打ち上げ会
恭一が玄関のドアを開けると、姉の彩音が部屋から出てきた。
「ただいま」
「おかえり。麻人君、悠ちゃん、いらっしゃい」
恭一達は、居間に入ると母親と叔母の昇子が椅子に座り話していた。
「恭一、おかえり。決勝戦、残念だったわね」
母親は、普段と変わらない様子だった。
「なかなか良い試合だったわ。恭君、次期エース候補ね」
「まだまだです」
恭一は、昇子なりに励ましてくれているのだと思った。
「ねぇ、恭一。見て、あの木の枝」
彩音が耳元で小さな声で言い、指を差した。枝に一羽のカラスがいて、こちらを見ている。
「あ!」
恭一が驚いた顔をしている横で、彩音がくすくす笑っている。
「希水君も、試合を見てたんだって。『さすが恭一、カッコイイ』と言ってたわ」
「そうなんだ」
恭一は、嬉しく思ったが、照れくさくて上手く言葉にできなかった。
「麻人君も悠ちゃんも、晩ご飯食べていくでしょ?」
いつものごとく、彩音が2人を誘っていた。
「いいのかな……」
麻人は遠慮がちだったが、悠は嬉しそうな表情をしている。
「昇子さんが、たくさんお肉を持ってきてくれたのよ。みんなで食べる方が、バーベキューは楽しいわ」
恭一の母親も、麻人と悠に笑顔で声をかけていた。
「お肉! ありがとうございます!」
目を輝かせ、元気よく言う悠が可愛らしく、みんなが笑い出した。
隣の家から祖父もやってきて、新鮮な野菜をカゴいっぱいに入れて持っている。
「お爺さん、この野菜も畑で採れたの?」
カゴを覗きこむ悠に、
「そうだぞ。このトマトは、悠ちゃんが植えたやつだ」
「すごーい」
びっくりしている悠を見て、祖父は満足そうだった。
庭にバーベキューのコンロを設置したり、簡易机や椅子を運んだり、麻人と悠は率先して動いている。恭一も手伝おうとすると、
「恭一君は、着替えてゆっくりしていて」
「そうです。恭一様は、休憩してください」
麻人と悠が、恭一を阻止してくる。
それほど疲れていないんだが……と恭一は内心思っていたが、部屋へ着替えに行くことにした。

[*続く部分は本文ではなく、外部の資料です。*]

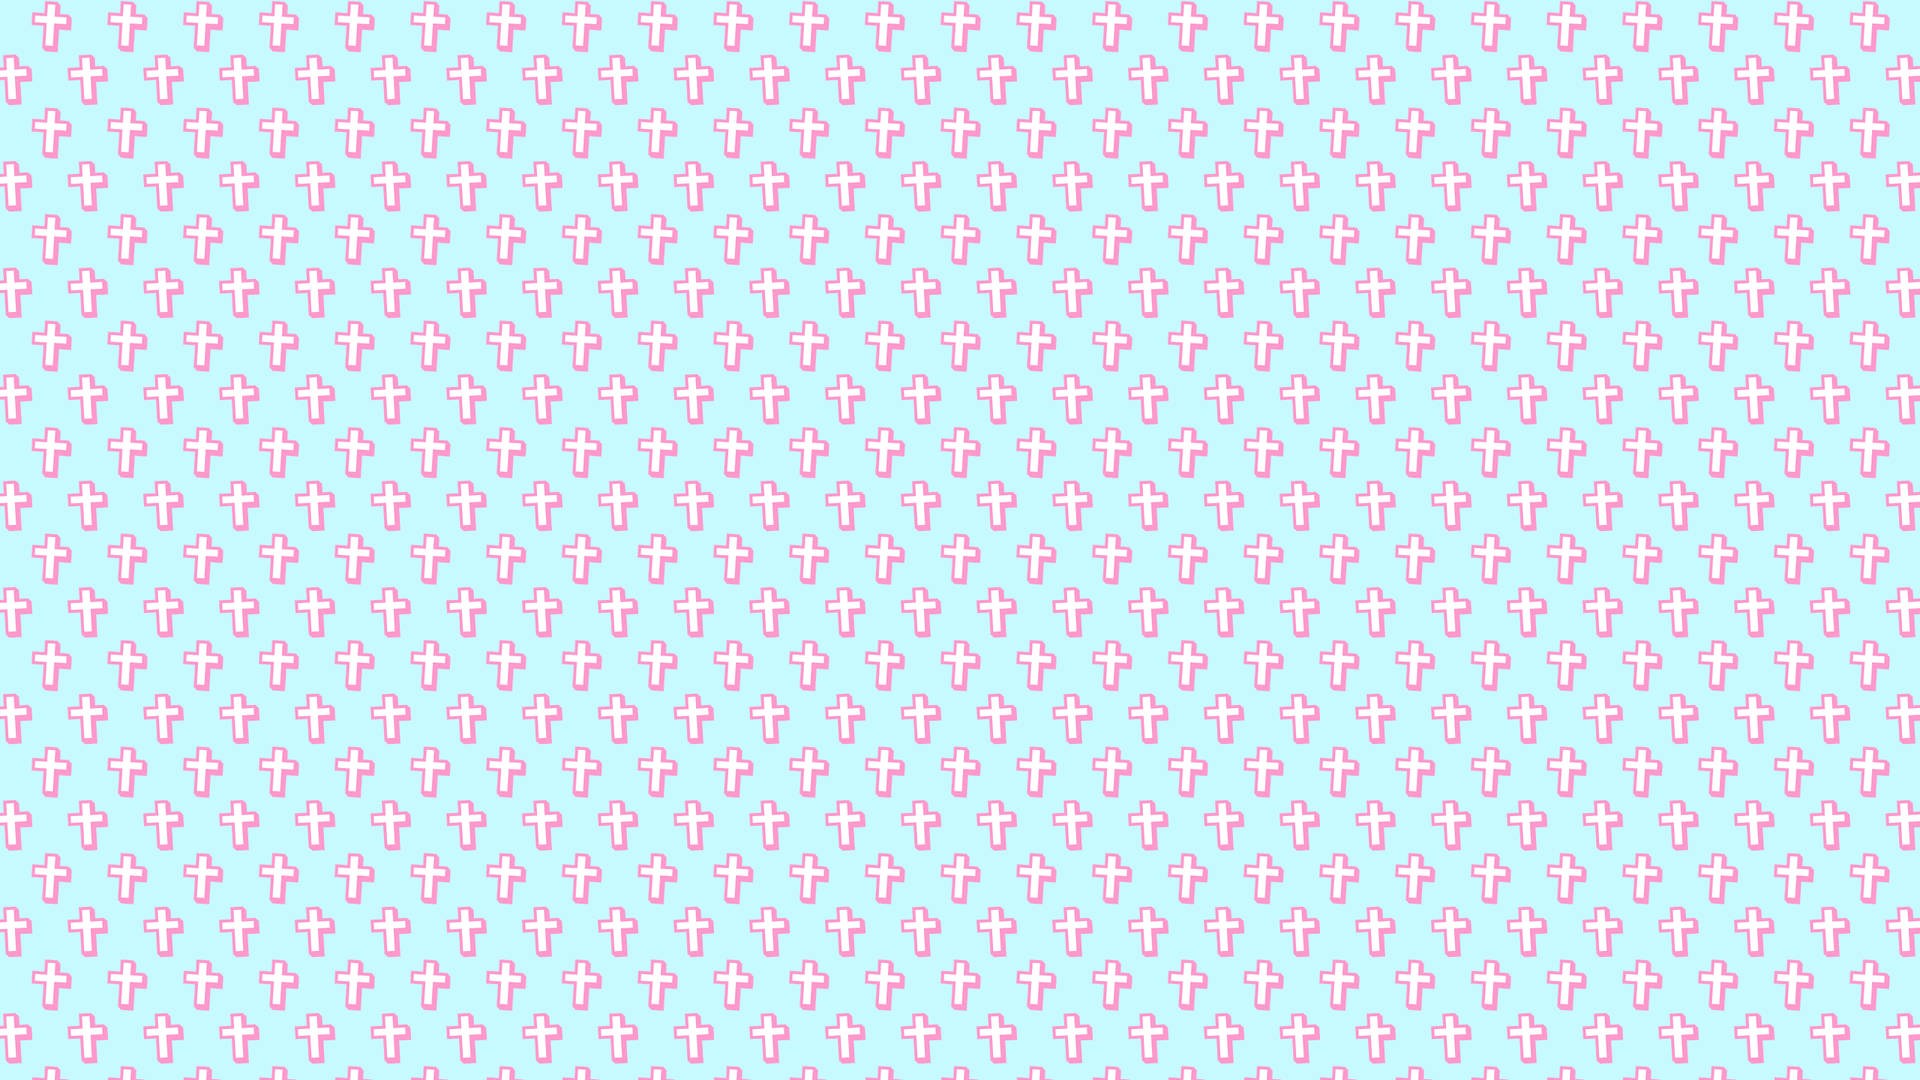 Cute Aesthetic Pc Pattern Of Crosses Background

恭一が部屋に入ると、ベランダにカラスがいるので窓を開けた。
「希水か。試合、見てくれたんだな」
「うん。窓の隙間から見てた。緊張したよ」
「お前が緊張してたの?」
「だって、大事な決戦だし。カッコ良かった」
「ありがとな」
恭一は、カラスの頭を軽く撫でた。すると、ビハクが恭一の足元にすり寄ってきた。少し機嫌が悪そうに見える。
「どうした、ビハク。拗ねているのか?」
ビハクの顎を撫でながら、
「今日はバーベキューだから、お前の分も焼いてあげるからな」
「僕も!」
希水が羽をバタバタさせて、恭一に訴えてきた。
「分かった、分かった」
恭一は、笑いながら希水に言った。
「恭一! 何してるの?」
「今行く」
彩音に大きな声で呼ばれた。
「希水、後でな」
恭一はビハクを抱き上げ、1階に降りて行くことにした。